In den letzten Jahren ist das DRG-System jedoch vermehrt in die Kritik geraten. Im Fokus steht eine seit Einführung des DRG-Systems zunehmend wahrgenommene „Ökonomisierung“ der Medizin, die Anreize für ein fehlindiziertes, wirtschaftliches Verhalten fördert sowie Anreize zur Kostensenkung, zur Mengenausweitung lukrativer Leistungen und zum Abbau von Pflegepersonal schafft.

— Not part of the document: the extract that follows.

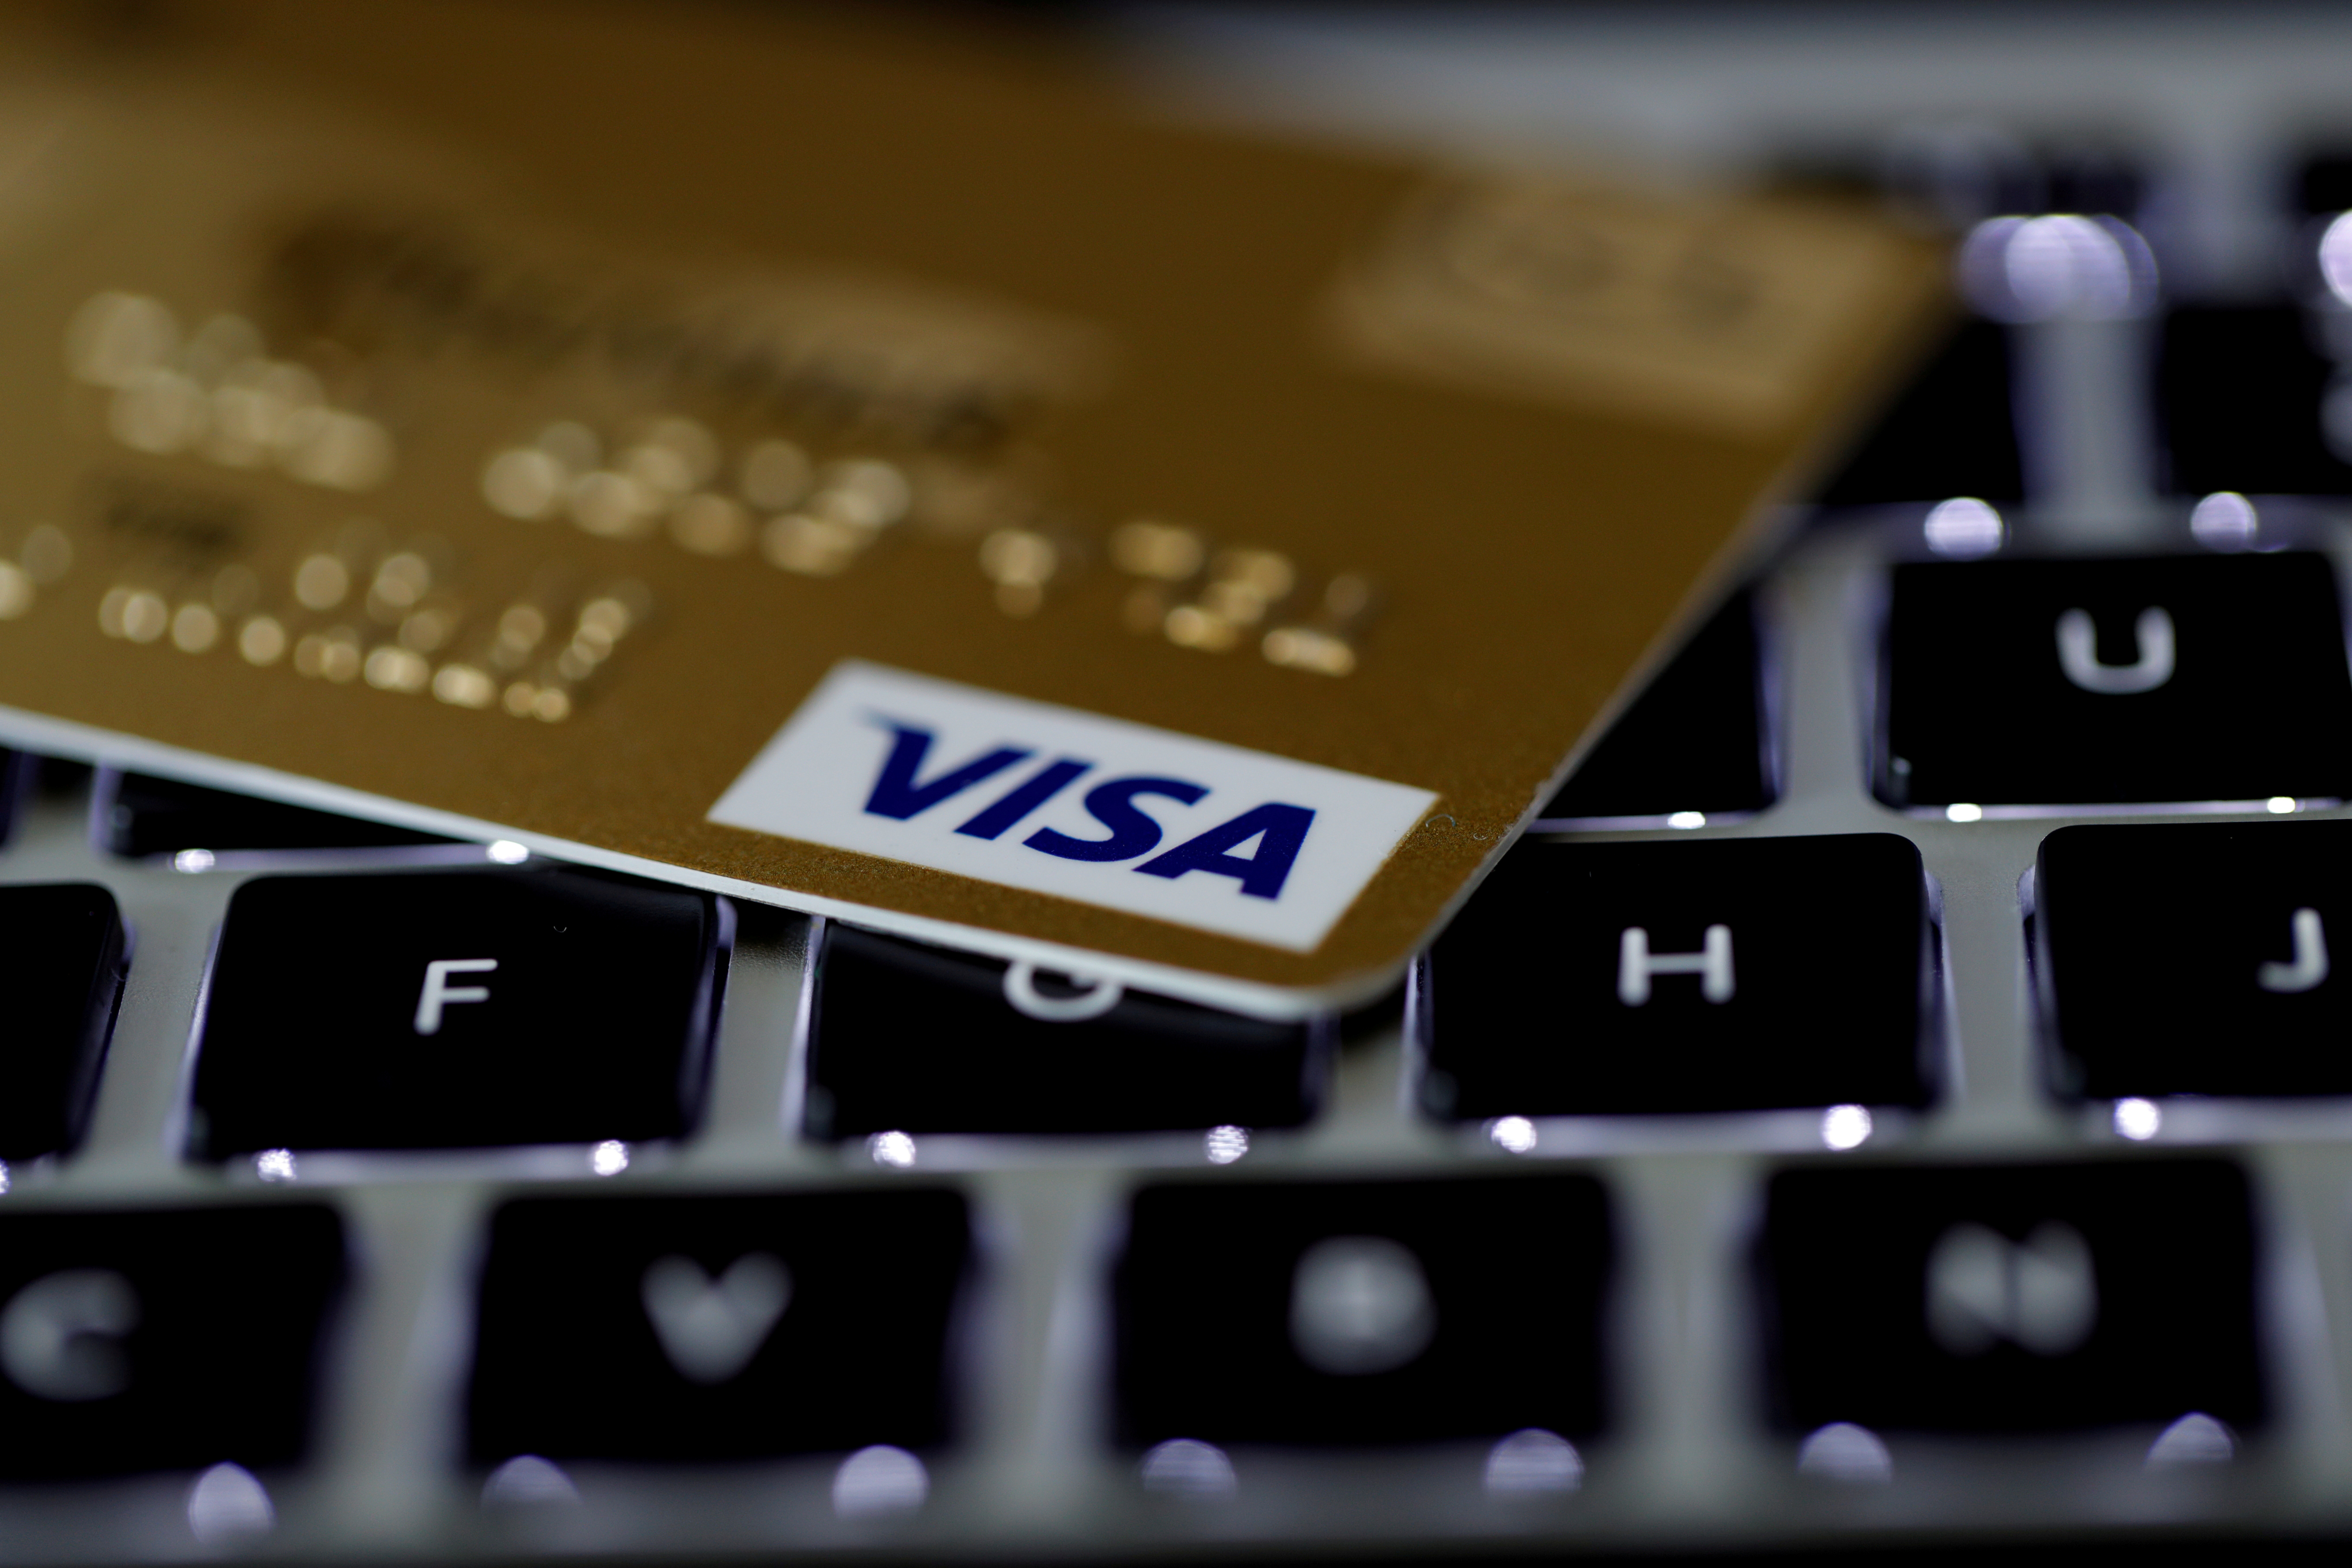 FILE PHOTO: A Visa credit card is seen on a computer keyboard in this picture illustration

Um im Rahmen der Einführung des DRG-Systems wirtschaftlich profitabel zu sein, haben Krankenhäuser in erster Linie die Reduzierung ihrer Kosten - insbesondere Personalkosten - und damit einen Stellenabbau forciert. Dies hat nicht nur gravierende Auswirkungen auf die Qualität der Patientenversorgung, sondern geht ferner mit einer Verschlechterung der Arbeitsbedingungen für die Krankenhausbeschäftigten einher. Davon sind primär die Beschäftigten der Servicebereiche und im Pflegedienst betroffen.
Neben der Reduzierung der Zahl der Beschäftigten in den Servicebereichen sehen sich Mitarbeiter im hauswirtschaftlichen und technischen Bereich sowie in Wirtschafts- und Versorgungsdiensten mit Einkommenseinbußen konfrontiert. Dies ist in erster Linie dem Outsourcing sog. Sekundär- und Tertiärdienstleistungsbereiche geschuldet, in Verbindung mit einem für Beschäftigte geringeren durchschnittlichen Lohnniveau. Dies trägt hierüber zu einer Verstärkung bereits bestehender sozialer Ungleichheit bei.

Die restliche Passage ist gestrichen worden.